Dr. Dosch had concluded in a 1999 paper that there were surprising similarities between diabetes and multiple sclerosis, a central nervous system disease. His interest was also piqued by the presence around the insulin-producing islets of an "enormous" number of nerves, pain neurons primarily used to signal the brain that tissue has been damaged.So the doctor noted a similarity. Which may explain why both MS sufferers and people with Type 1 diabetes report that marijuana helps.
Suspecting a link between the nerves and diabetes, he and Dr. Salter used an old experimental trick -- injecting capsaicin, the active ingredient in hot chili peppers, to kill the pancreatic sensory nerves in mice that had an equivalent of Type 1 diabetes.

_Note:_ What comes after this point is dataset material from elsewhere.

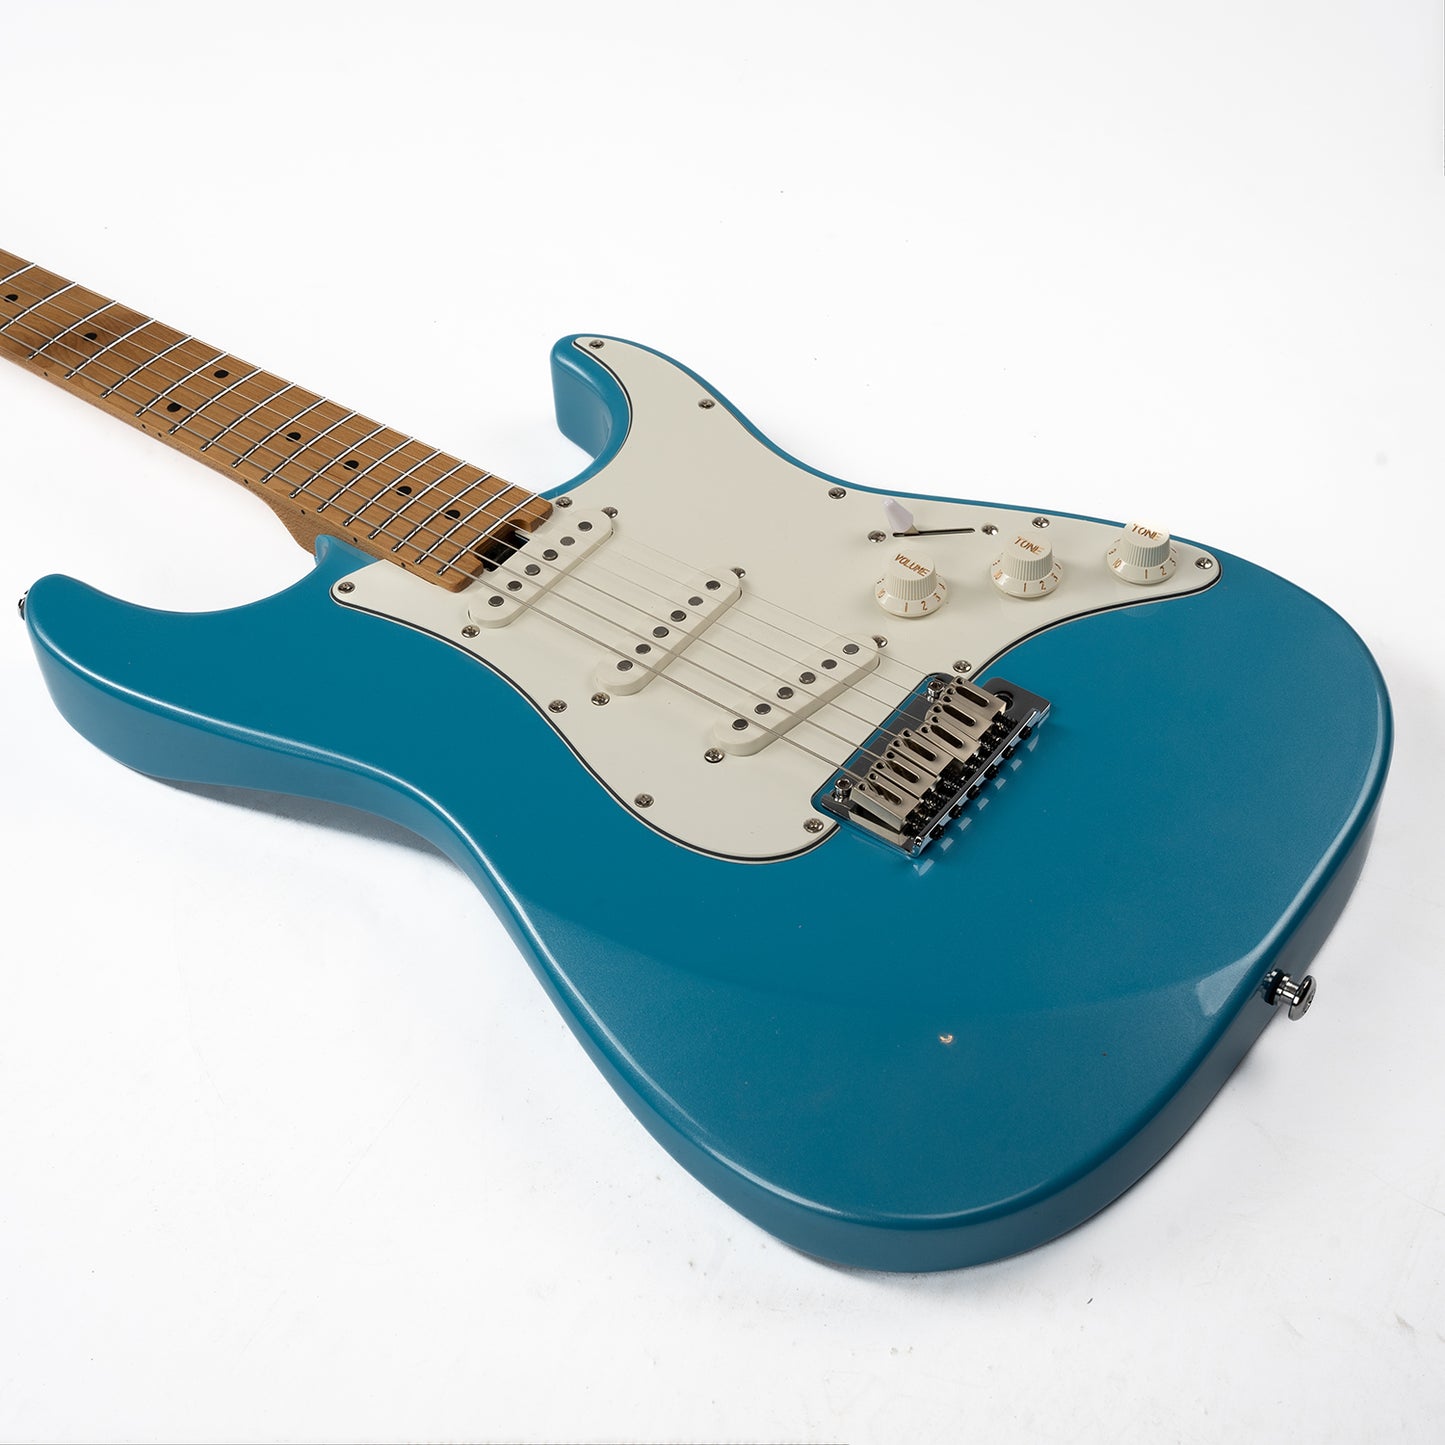 Eart Guitars, NK-VS60, 2-Point Synchronized Tremolo Bridge Alnico V Pickups Classic Electric Guitars, Pearl blue

"Then we had the biggest shock of our lives," Dr. Dosch said. Almost immediately, the islets began producing insulin normally "It was a shock ? really out of left field, because nothing in the literature was saying anything about this."
It turns out the nerves secrete neuropeptides that are instrumental in the proper functioning of the islets. Further study by the team, which also involved the University of Calgary and the Jackson Laboratory in Maine, found that the nerves in diabetic mice were releasing too little of the neuropeptides, resulting in a "vicious cycle" of stress on the islets.

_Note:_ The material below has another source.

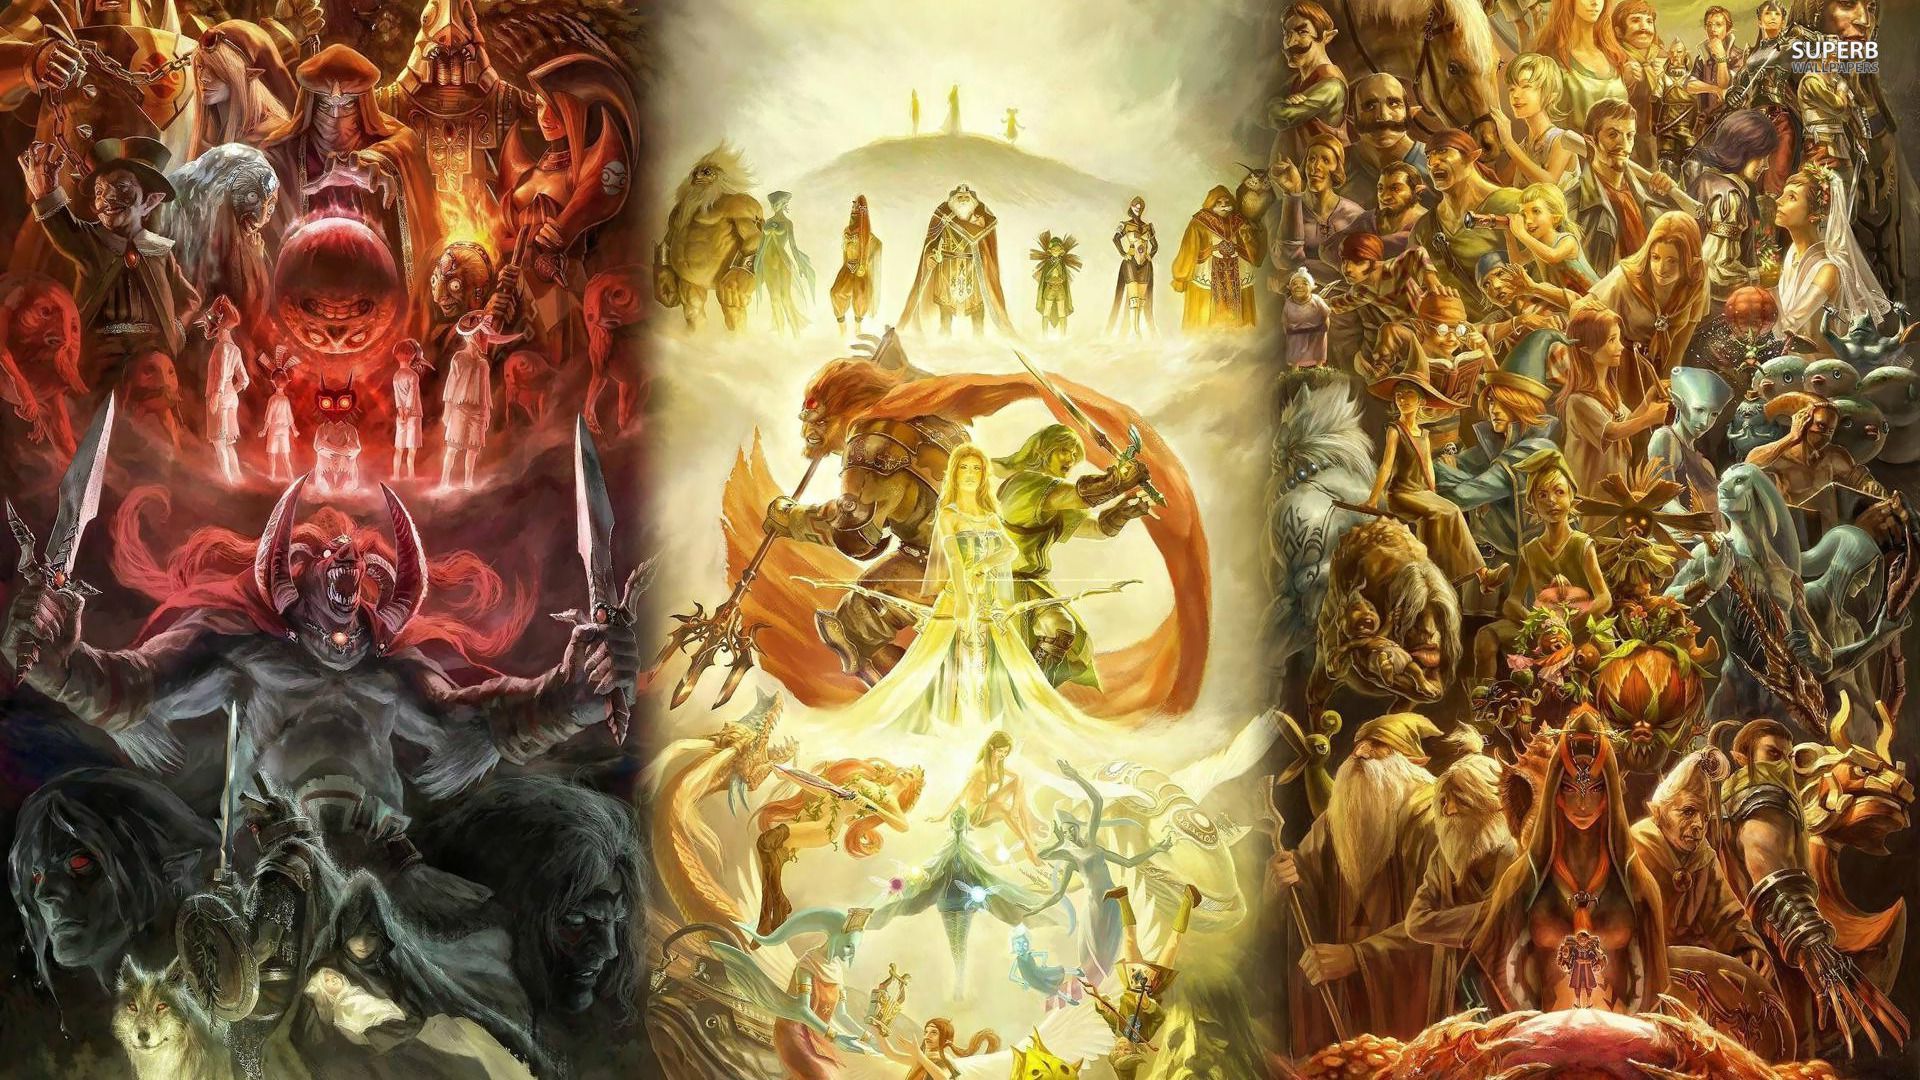 The Legend of Zelda Wallpaper HD | Wallpapers, Backgrounds, Images ...

They also discovered that their treatments curbed the insulin resistance that is the hallmark of Type 2 diabetes, and that insulin resistance is a major factor in Type 1 diabetes, suggesting the two illnesses are quite similar.This is great news for the very near future if the research pans out. In the mean time for those of you waiting for new treatments to come on the market, I'll give you some adivice I was given a long time ago in the military while we were taking a break, "Smoke 'em if you got 'em." It just might help.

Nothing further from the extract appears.